# Do outside temp affect the IP?



## micahj02 (Dec 22, 2012)

I was wondering, does the outside temp impact the IT? I have an MES 30" and plan to do my second smoke but am concerned about the cold temps in the air. Should I pull the smoker into the garage to prevent the thing from having to work harder to maintain the desired IT?


----------



## chef jimmyj (Dec 23, 2012)

The MES is insulated but in really cold weather the MES heat coil will work harder. Additionally, you will not want to open the door unless absolutely necessary. What ever temp you plan to smoke at, run the MES up to max temp then load it up and reset to your desired temp. The Garage, if well ventilated, is a good idea for you, although it may save some electricity as well.
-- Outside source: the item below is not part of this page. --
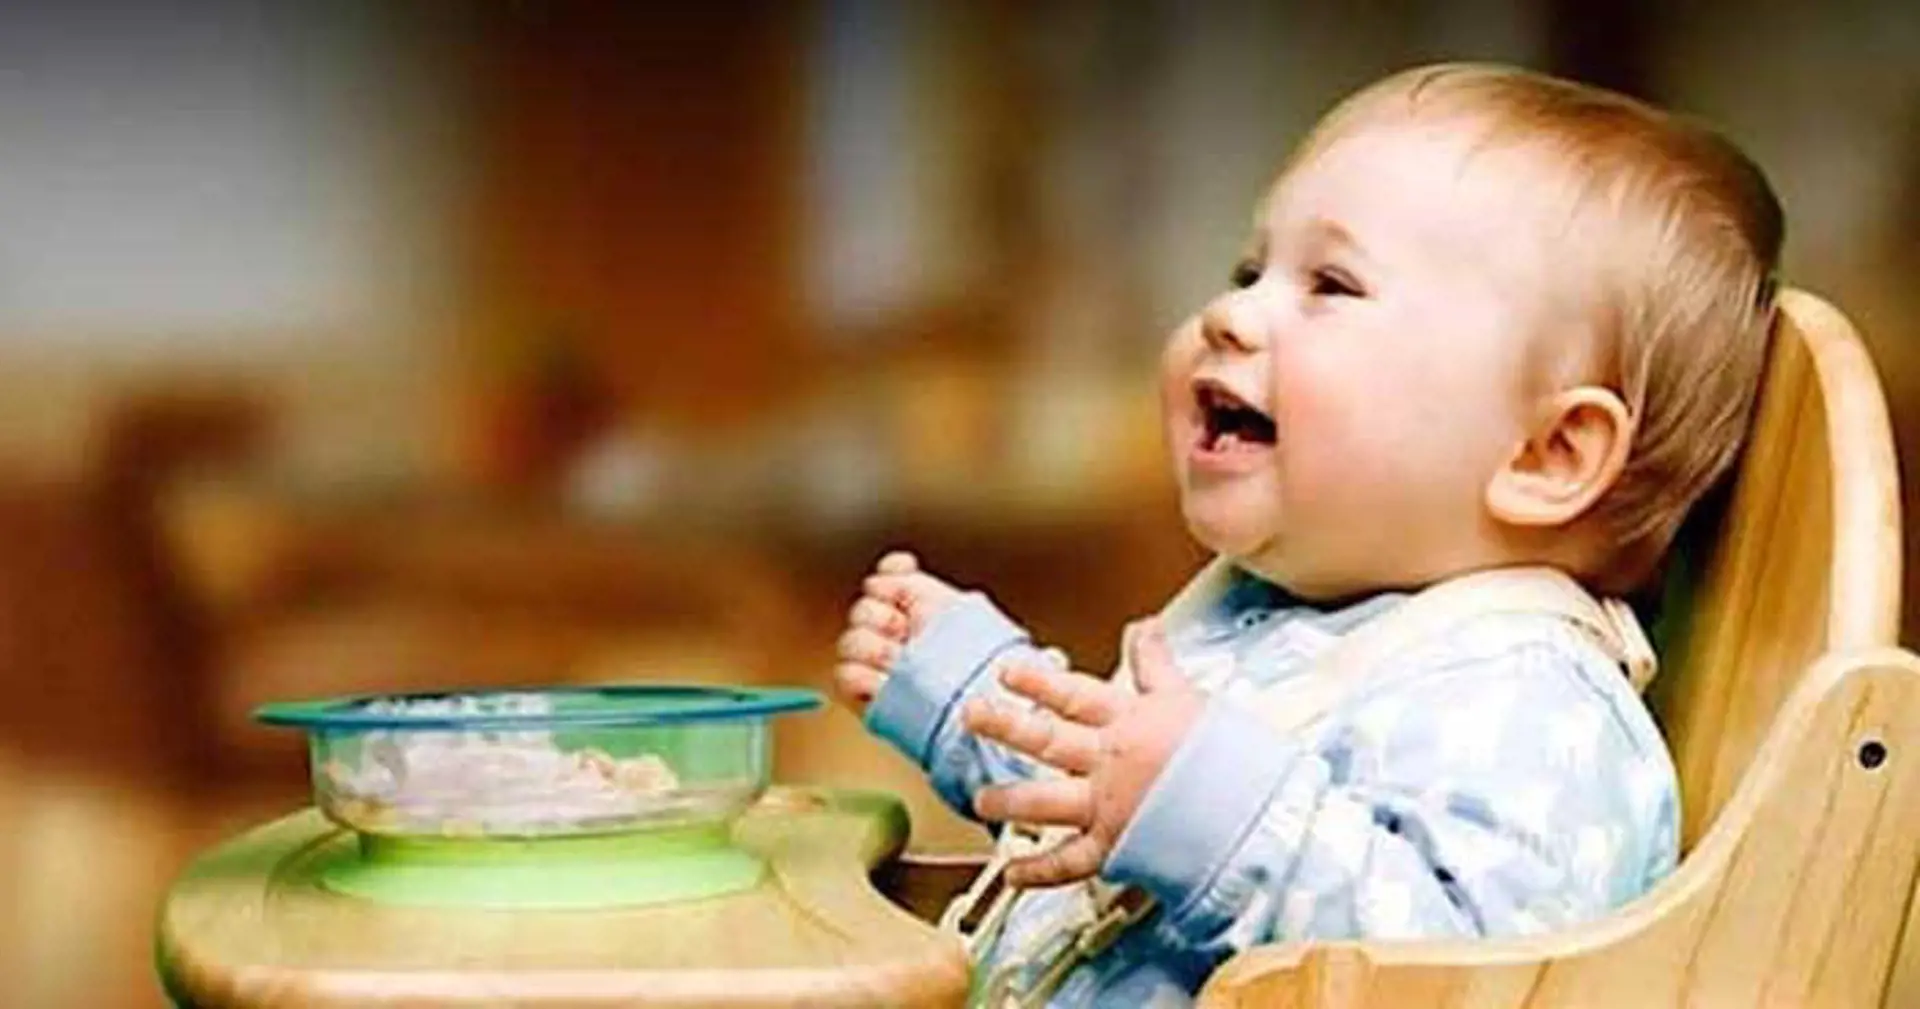 6 Aylık Bebeklerde Beslenme - 6 Aylık Bebeklere Ne Yer?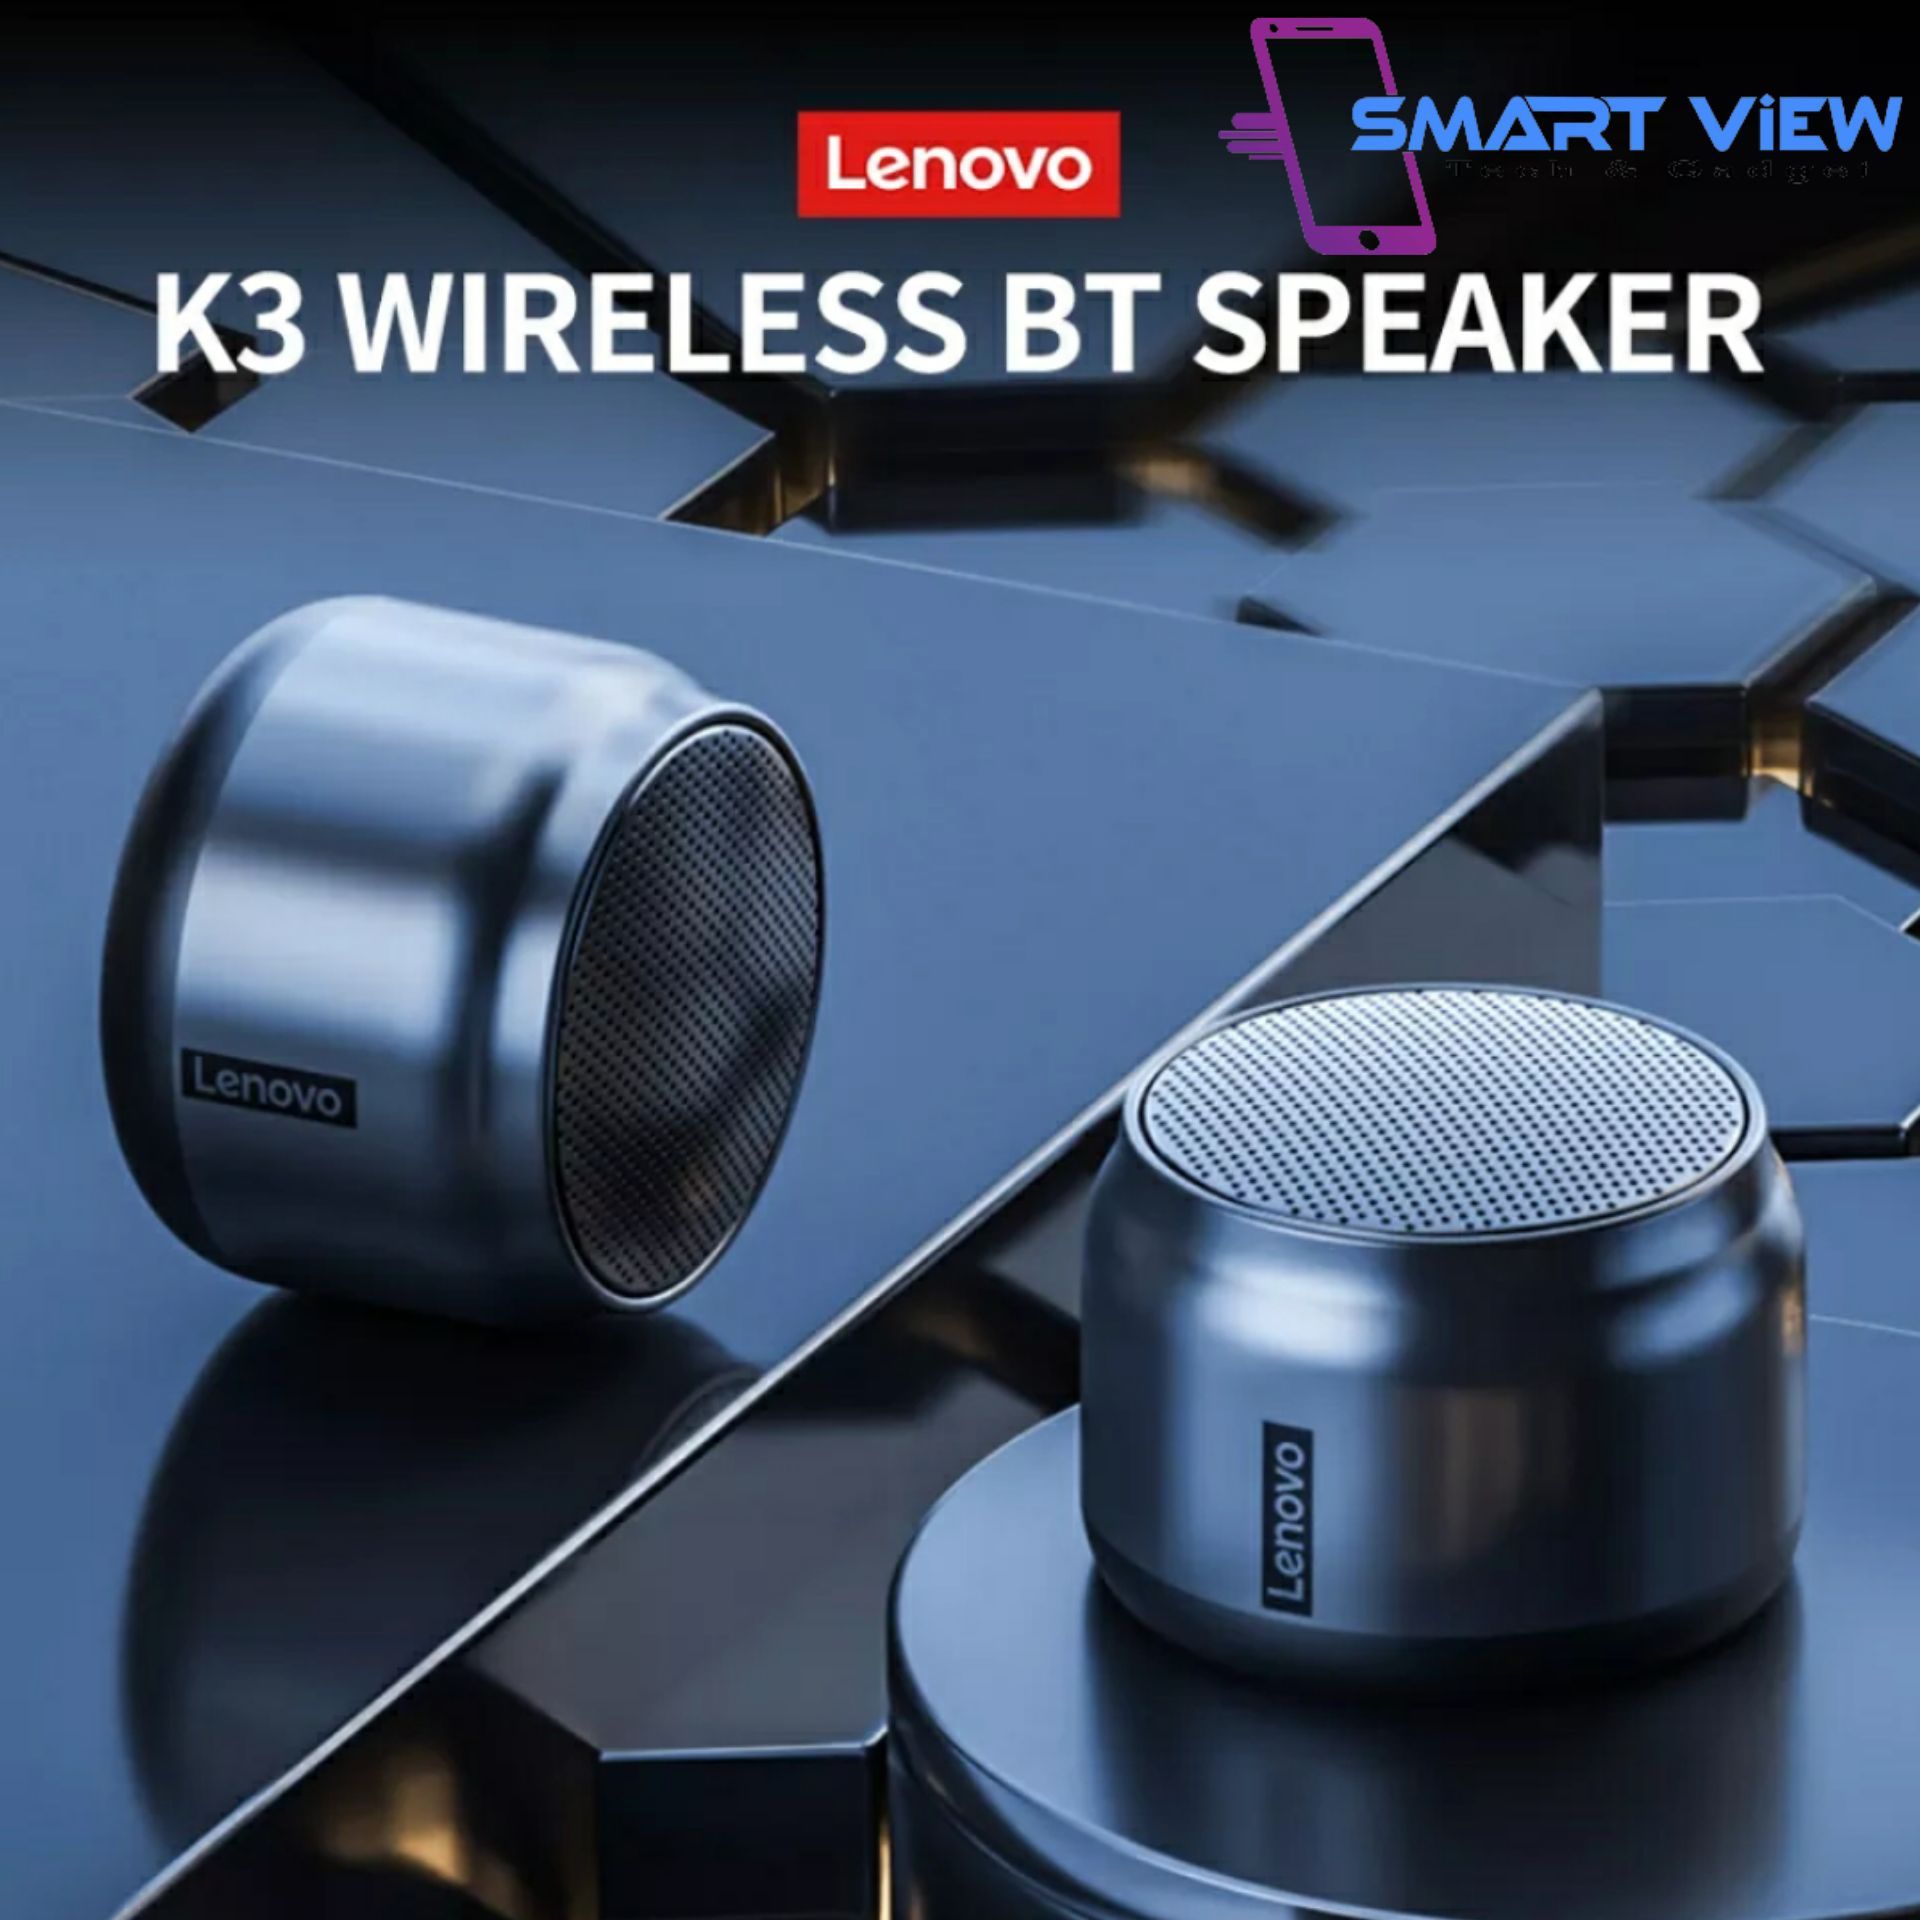 Lenovo K3 Wireless BT Speaker Portable Wireless Stereo Speaker Audio Player 3D Stereo Surround Sound Long Endurance Time

As far as IT goes, if you maintain the smoker temp at 225*F or higher the amount of time to reach the desired IT will be unchanged..JJ


----------



## tjohnson (Dec 23, 2012)

What's the outside temp?

What you smoking?

I use my MES successfully down to 20°

The element will work a little harder, but it will maintain temp pretty well

I would not bring it into the garage

Todd


----------



## micahj02 (Dec 23, 2012)

Smoking a 7 lbs brisket and the weather is suppose to be low thirties. I am going to pull it into the garage just to be on the safe side.


----------



## thunder lite (Dec 23, 2012)

I did a 9.5lb butt overnight last night. Temps never got out of the single digits above zero. My MES40 is outside on the back patio with some protection for the north wind. I set it for 230 and it seemed to not have a problem keeping at least that temp. Christmas eve will be a better test. Supposed to be single digits below zero and I have to do another butt overnight for Christmas lunch.

Ron


----------



## micahj02 (Dec 23, 2012)

Not suppose to get that low here so I guess all will be well. Thanks, I'll let you know how goes!!!!


----------



## venture (Dec 23, 2012)

As, JJ said, this will not change IT unless your pit temps are not maintained.

Now as to high humidity?  I had a recent strange experience with a stall.  
	

	
	
		
		



		
			






Good luck and good smoking.


----------